***** Given material *****
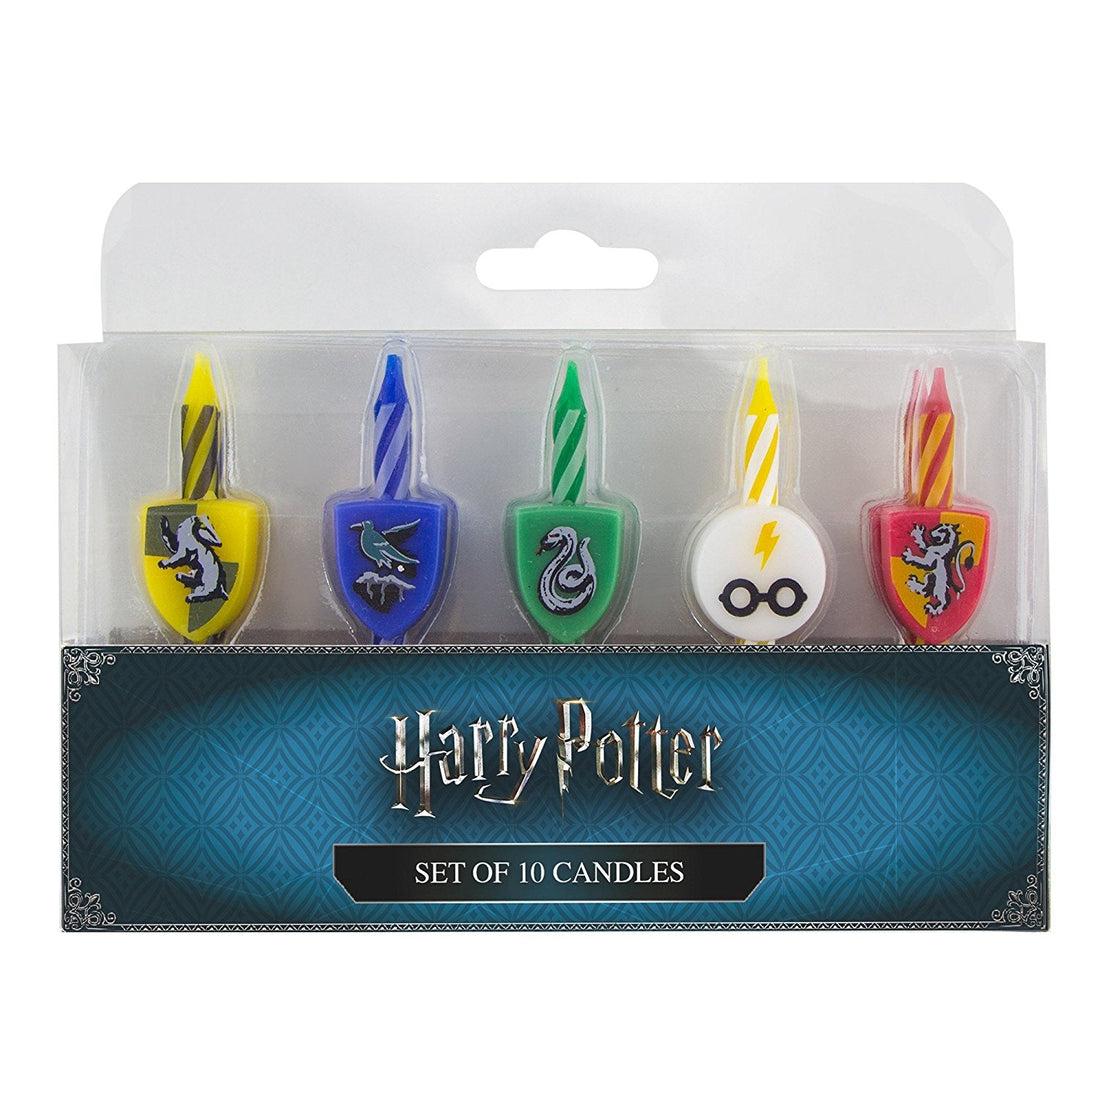 Harry Potter - Set of 10 Candles
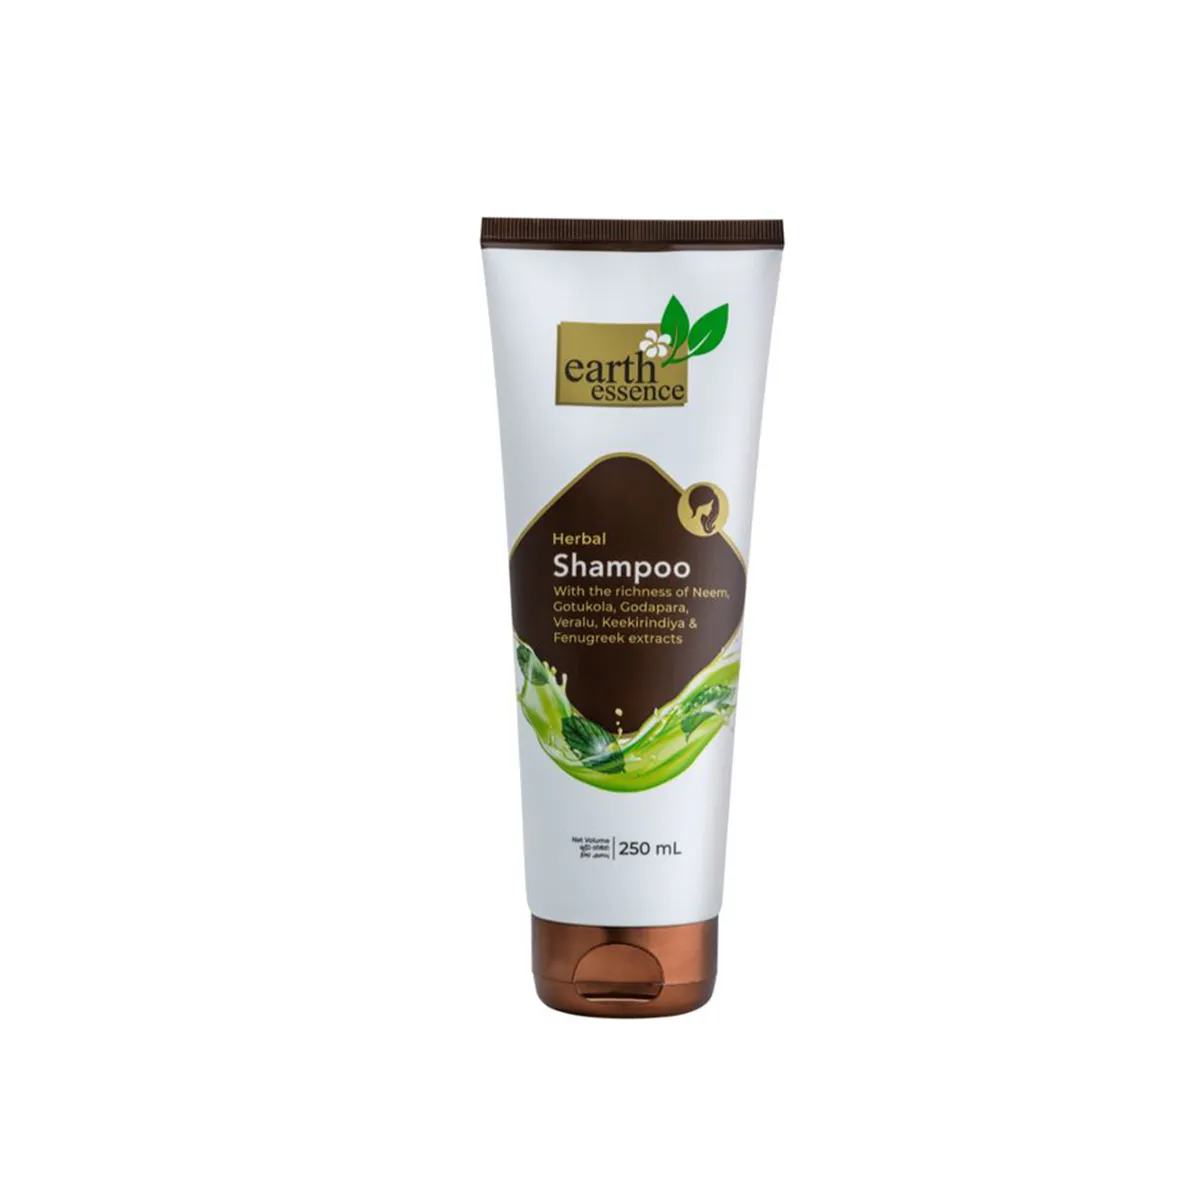 First product image of Earth Essence Herbal Shampoo 250ml
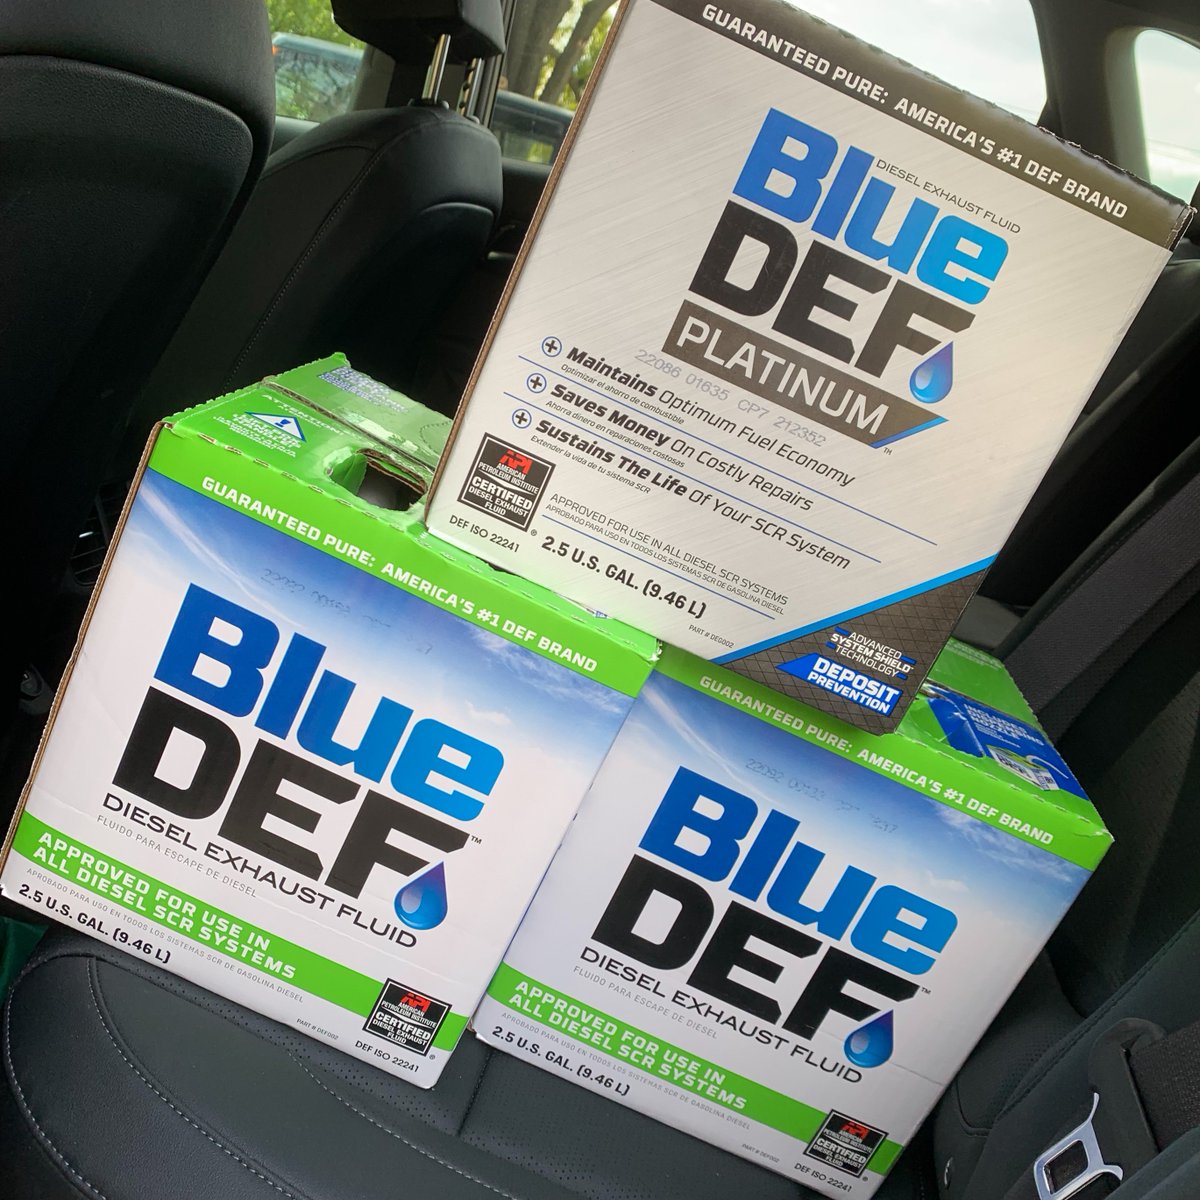 Make sure you're stocked up before you hit the road! #BlueDEF
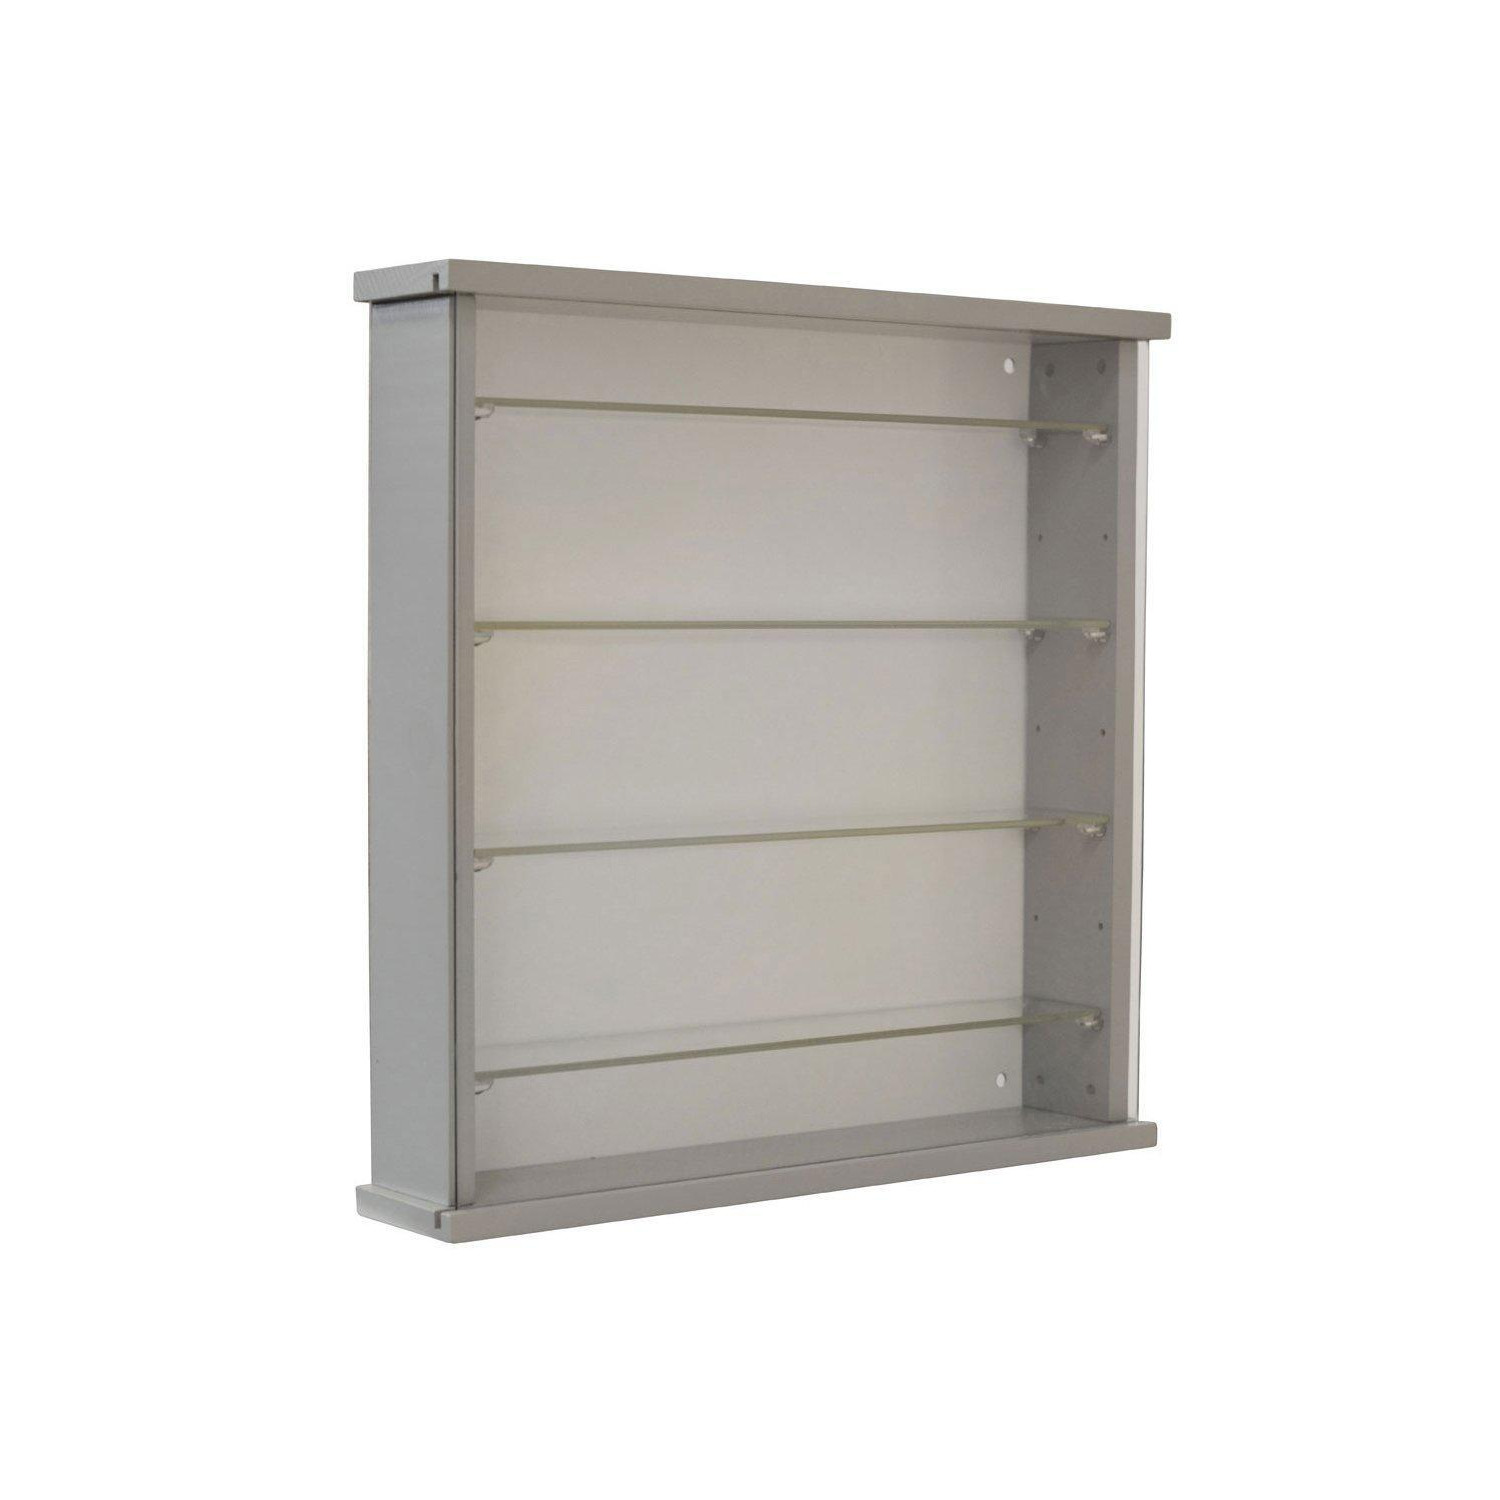 Wood Wall Display Cabinet With 4 Adjustable Glass Shelves  Grey - image 1
*****
Problem to solve
Write out the listing word for word, omitting the pictures it holds.

Written response
 Harry Potter - Set of 10 Candles
 First product image of Earth Essence Herbal Shampoo 250ml
 Make sure you're stocked up before you hit the road! #BlueDEF
 Wood Wall Display Cabinet With 4 Adjustable Glass Shelves  Grey - image 1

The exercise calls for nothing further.